(GIVEN DATA)

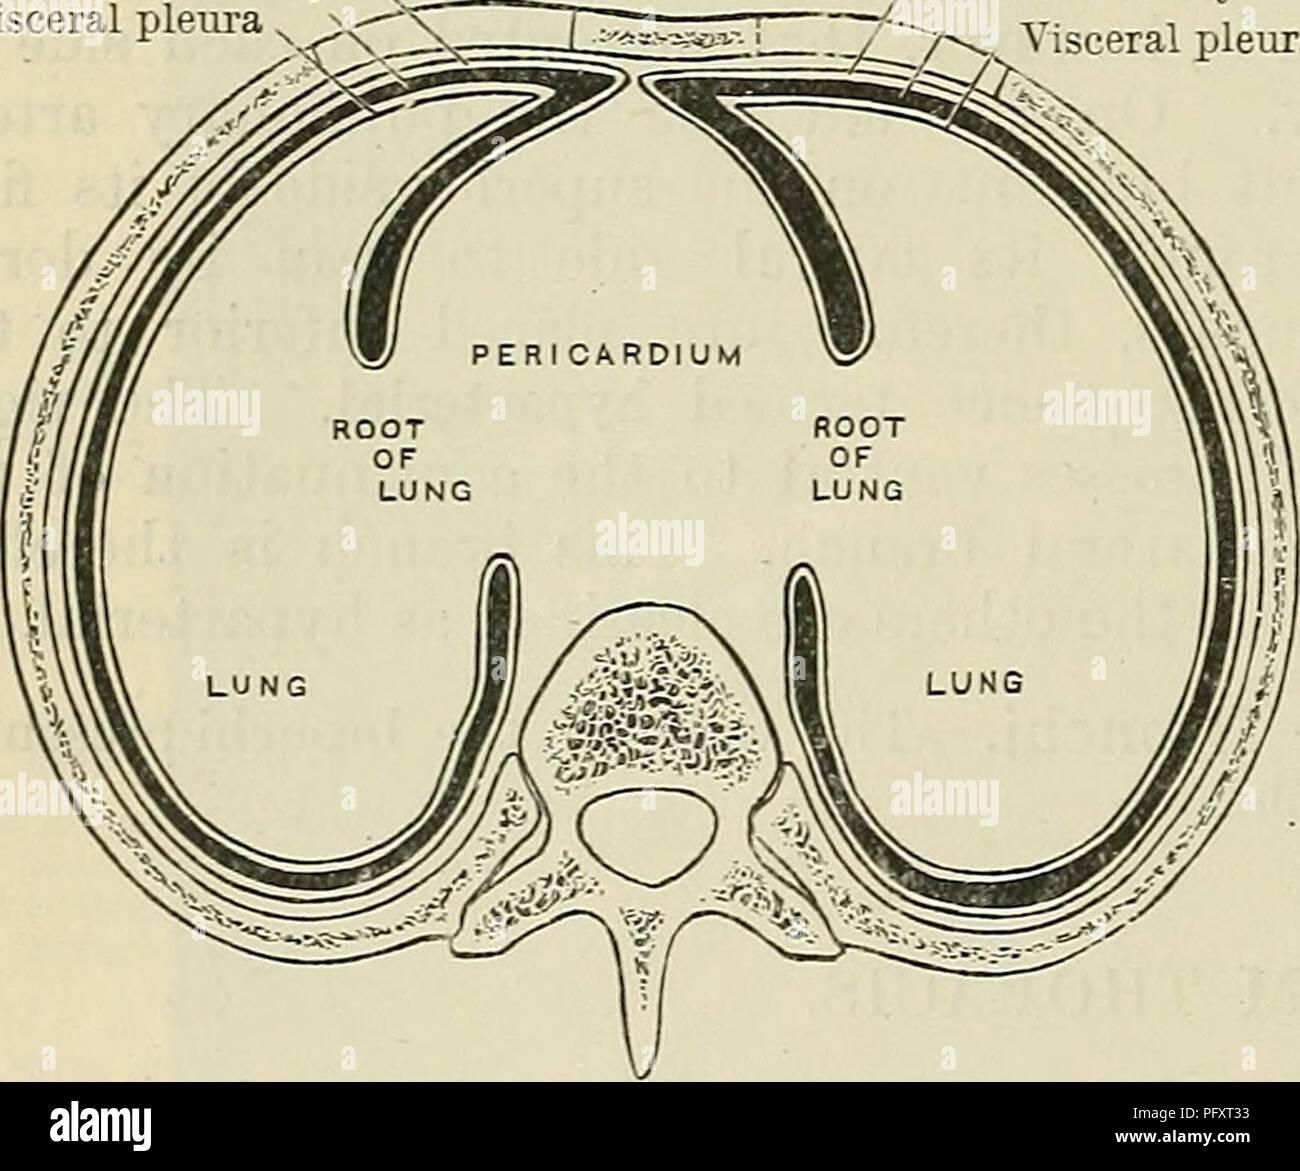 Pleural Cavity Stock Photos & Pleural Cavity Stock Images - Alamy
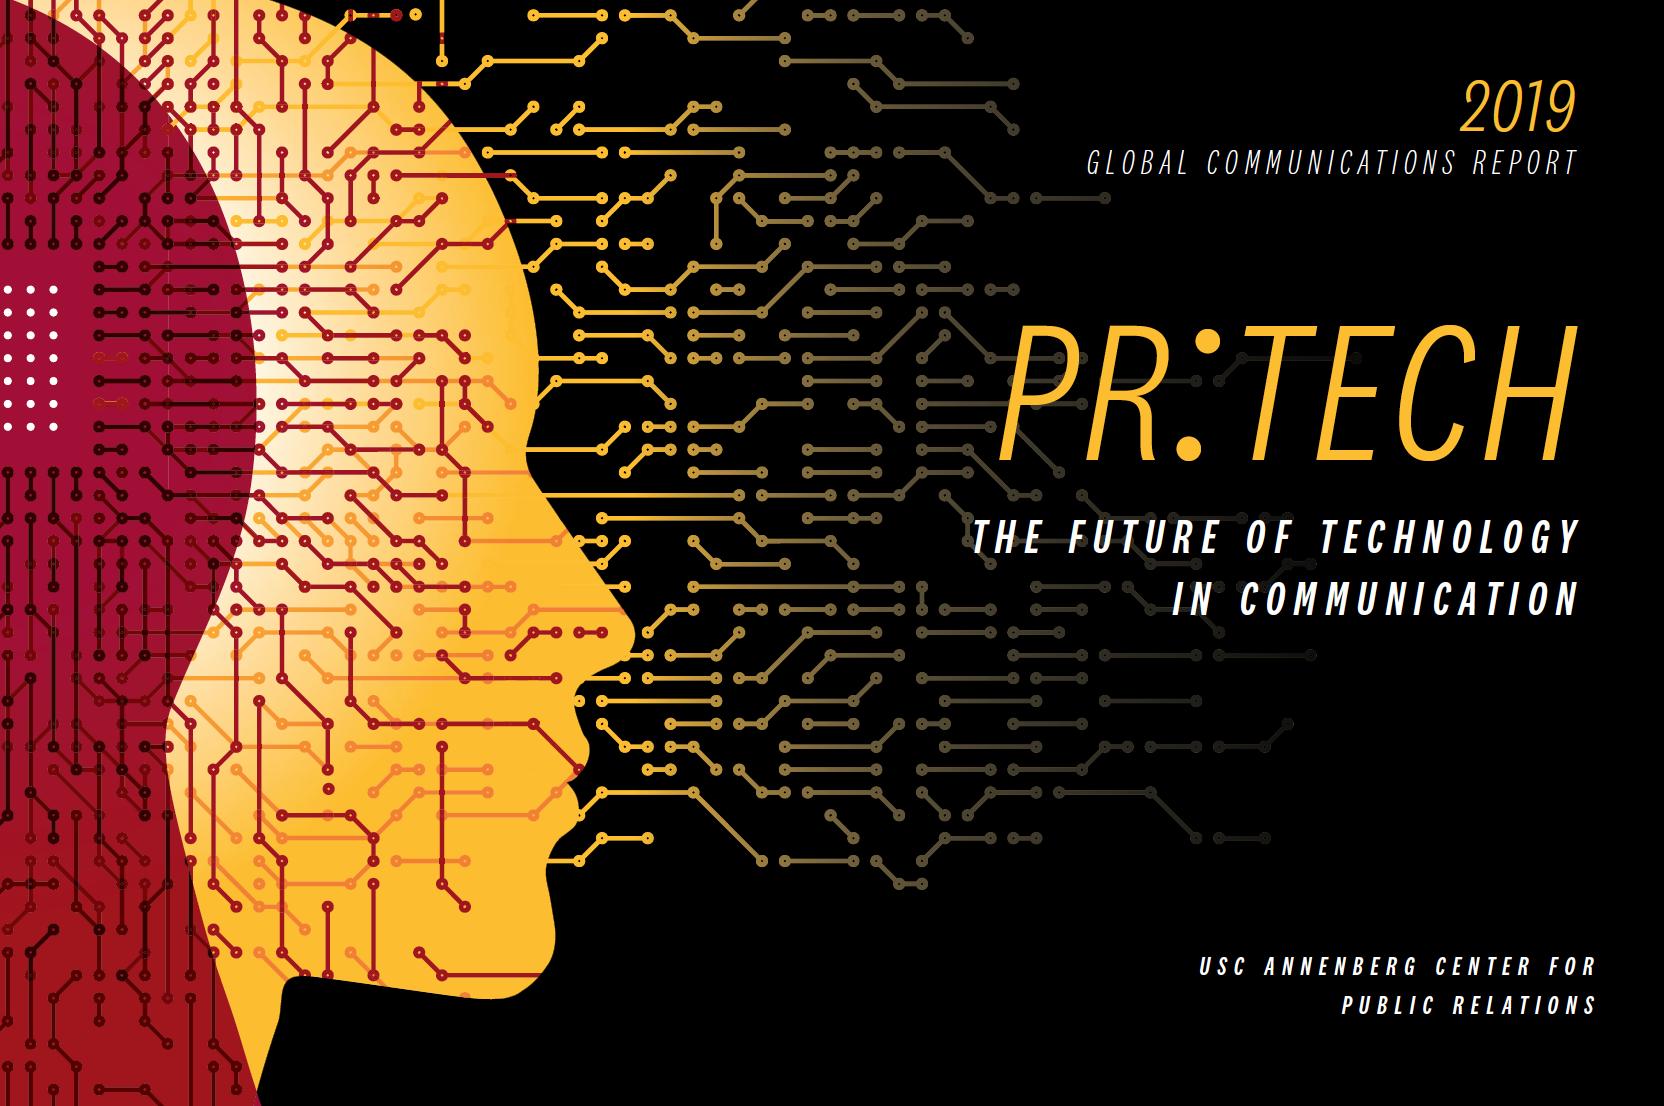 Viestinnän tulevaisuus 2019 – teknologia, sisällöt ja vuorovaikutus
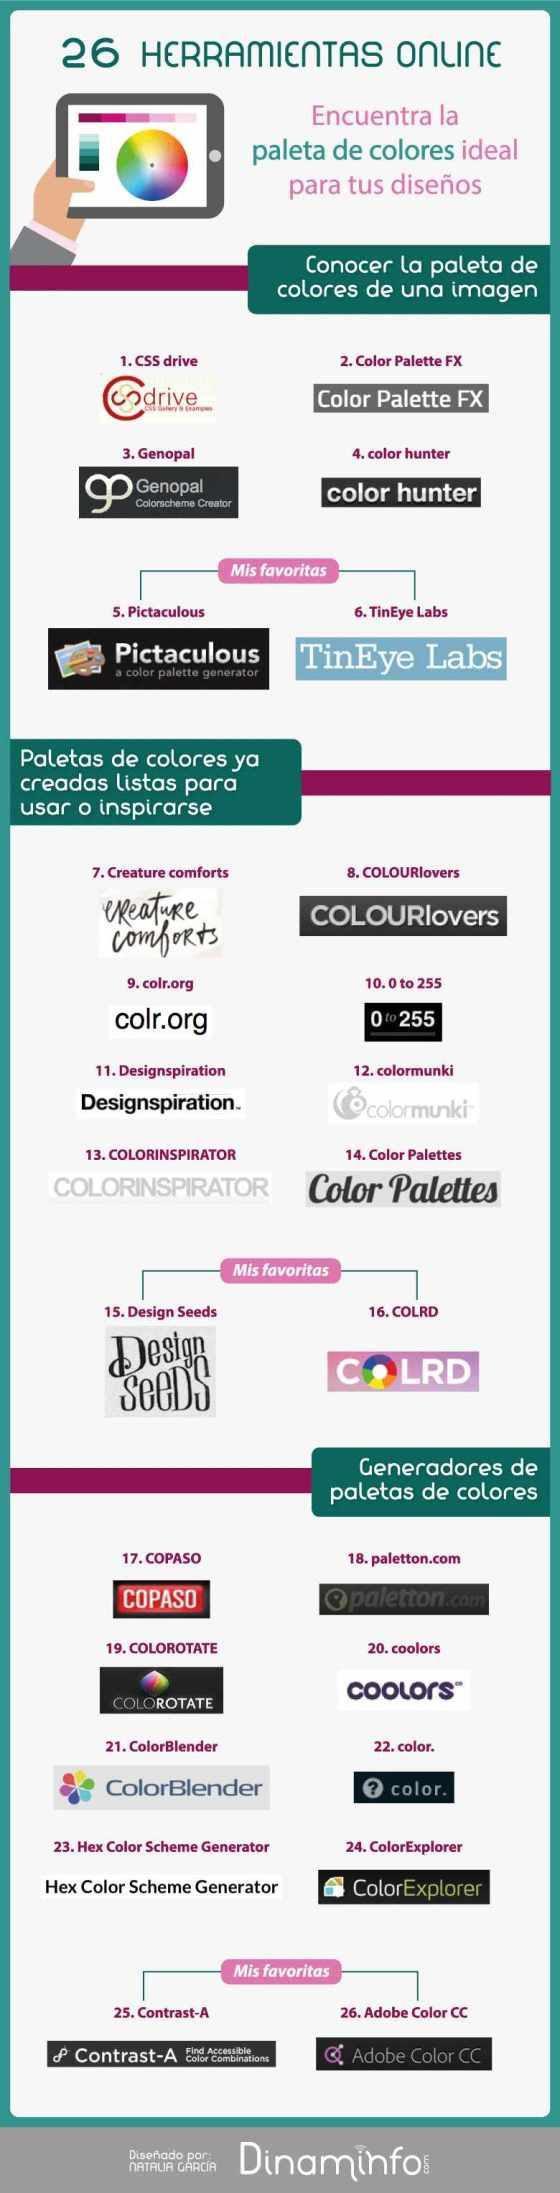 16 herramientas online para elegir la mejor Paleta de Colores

* * *

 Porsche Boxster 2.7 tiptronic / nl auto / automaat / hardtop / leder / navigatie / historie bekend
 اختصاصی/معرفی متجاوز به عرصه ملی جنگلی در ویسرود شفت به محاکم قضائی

(WHAT YOU NEED TO DO) Your task is to copy only the lines above starting at the one containing "Pleural Cavity Stock Photos" and ending at the one containing "16 herramientas online". Copy them exactly, both ends included, and omit the pictures.

(RESULT BELOW)
 Pleural Cavity Stock Photos & Pleural Cavity Stock Images - Alamy
 Viestinnän tulevaisuus 2019 – teknologia, sisällöt ja vuorovaikutus
 16 herramientas online para elegir la mejor Paleta de Colores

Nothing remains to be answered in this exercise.